To date, multiplex spatial techniques have largely focused on the roles of spatial immunobiology in the TME, describing the roles of key immune cells, their activation, and inclusion or exclusion in NSCLC tissue regions26,27,28,29. Here, we extend this by applying a comprehensive mIF panel to uncover both the functional and metabolic states of immune and tumor cells present in pre-ICI treatment biopsies, providing deeper insights into the TME composition. Coupled with an advanced deep learning pipeline for cell type and cell state classification, exhaustive spatial feature engineering, and statistically robust high-dimensional feature selection framework, our approach identified a number of metabolic and interaction properties with strong clinical associations. Such features, when translated to predict PFS, yielded a stable predictive model with high accuracy (AUC 0.8–0.9) over 24 months, with a degree of cross-cohort stability.
Generation of unbiased tissue regions and metabolic cellular neighborhoods allowed the dissection of cellular locations and independent measures of local or disseminated proximities through G-Cross, and JSD interaction measures. The abundance of metabolic phenotypes in our model points to the influential status of these cells within the TME, and their propensity to be localized in discrete communities with other active cells provides further insights into the undiscovered roles for metabolic dynamics in cancer and immunobiology. In addition to multivariate modeling of all samples to gain maximum statistical power, feature selection highlighted several properties that predicted outcome in both cohorts independently.

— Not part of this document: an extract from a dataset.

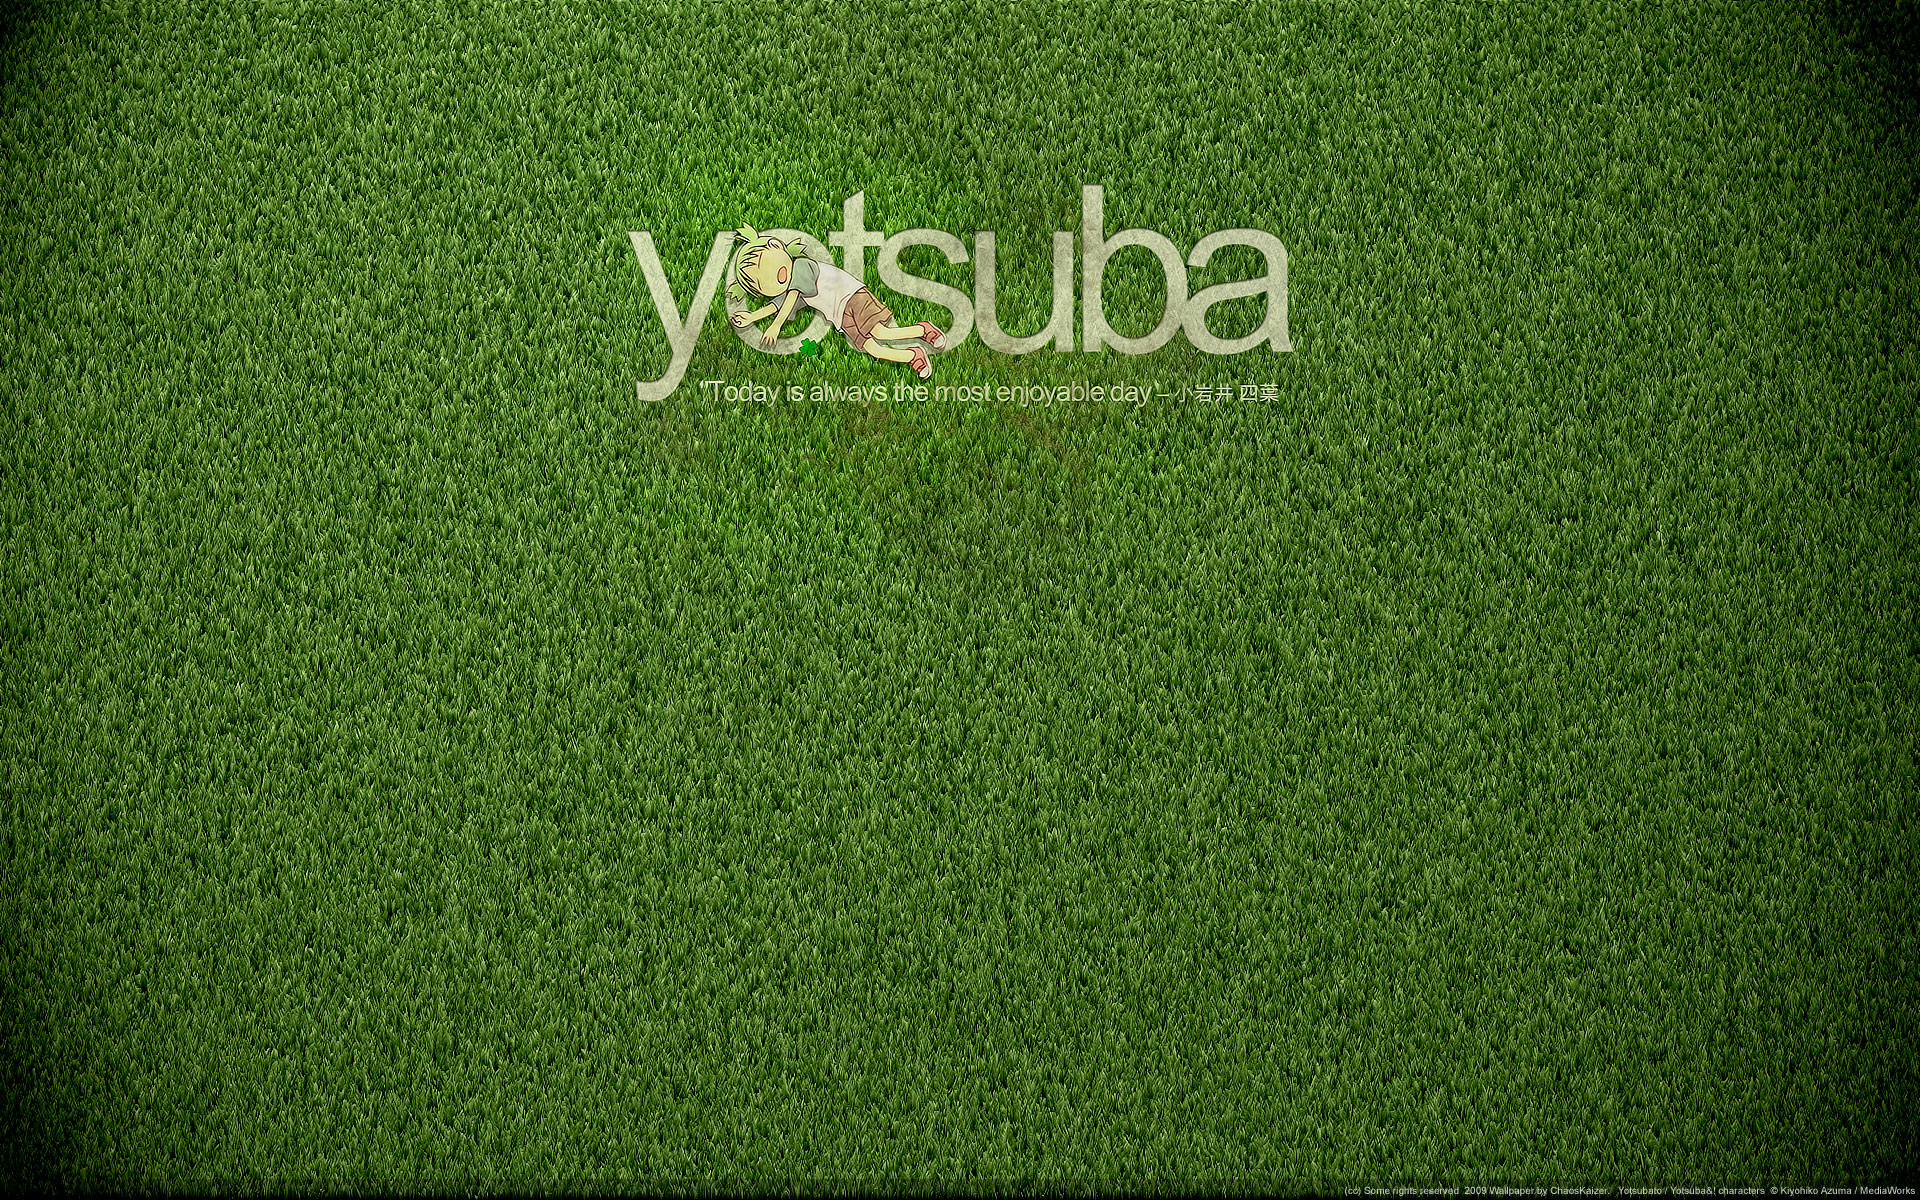 yotsuba!, anime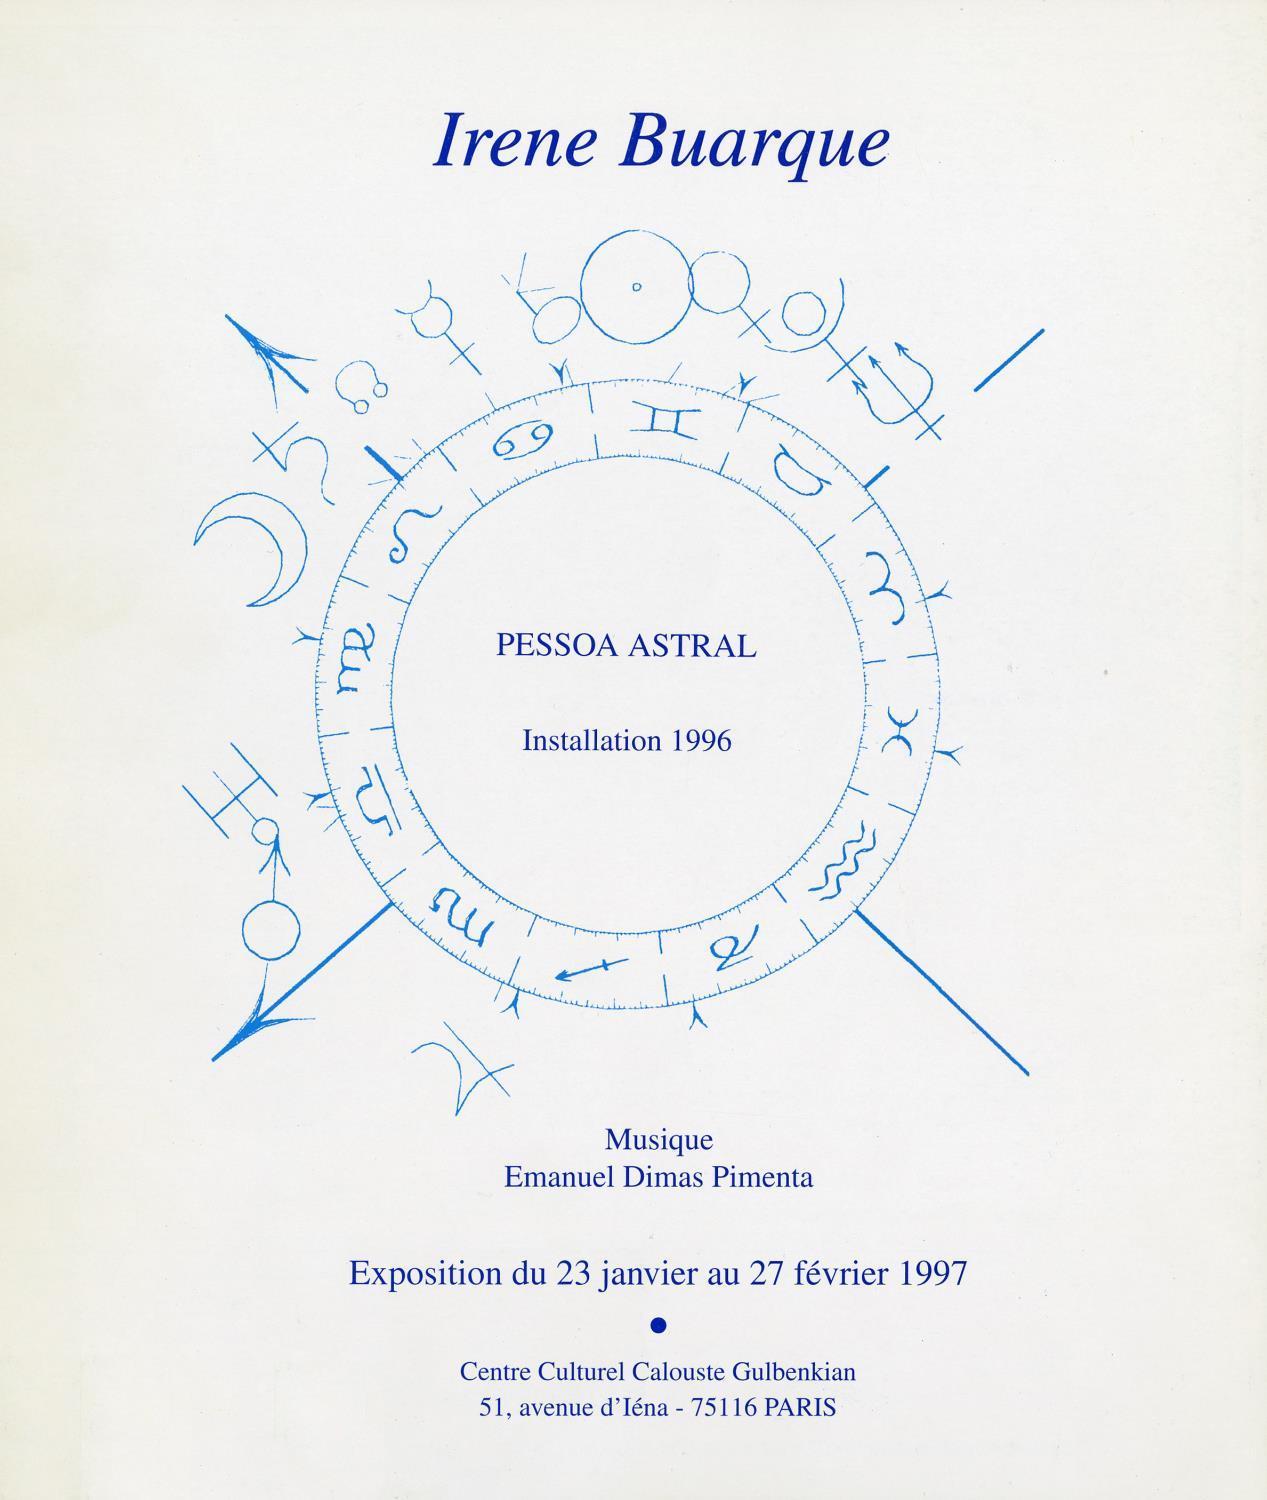 Irene Buarque. Pessoa Astral. Installation 1996

Tumor cells with high amino acid uptake proximal to macrophage cells within the tumor region were predictive of poor outcomes for patients. Tumor cells in this state deplete the TME of available amino acids, impairing immune cell functionality, and the ability for ICIs to reprime their activation. Such a tumor cell metabolic state would promote M2-like macrophage immunosuppression, through mechanisms such as kynurenine pathway activation from high tryptophan metabolism30. Metabolic stress also alters macrophage functionality impairing antigen presentation and cytokine signaling. T cells entering these tissue regions, despite having blocked PD-1/PD-L1 or CTLA-4, will likely succumb to dysfunction and create cold tumor regions unresponsive to immunotherapy alone. Further evidence of the impact of low nutrient availability is found in our data with concordant self-aggregation of IDO1+ macrophages in such low metabolic tissue regions being predictive of poor outcomes. IDO1 expression by macrophages has been reported to influence both M1 pro-inflammatory31 and M2 anti-inflammatory30,32 polarized states. Moreover, IDO1 is responsible for tryptophan degradation and the subsequent production of its metabolite kynurenine, inhibiting T cell expansion while promoting Treg induction, driving an overall immune suppressive TME33. Together, these features may act in a feedback system to minimise available resources for immune activation.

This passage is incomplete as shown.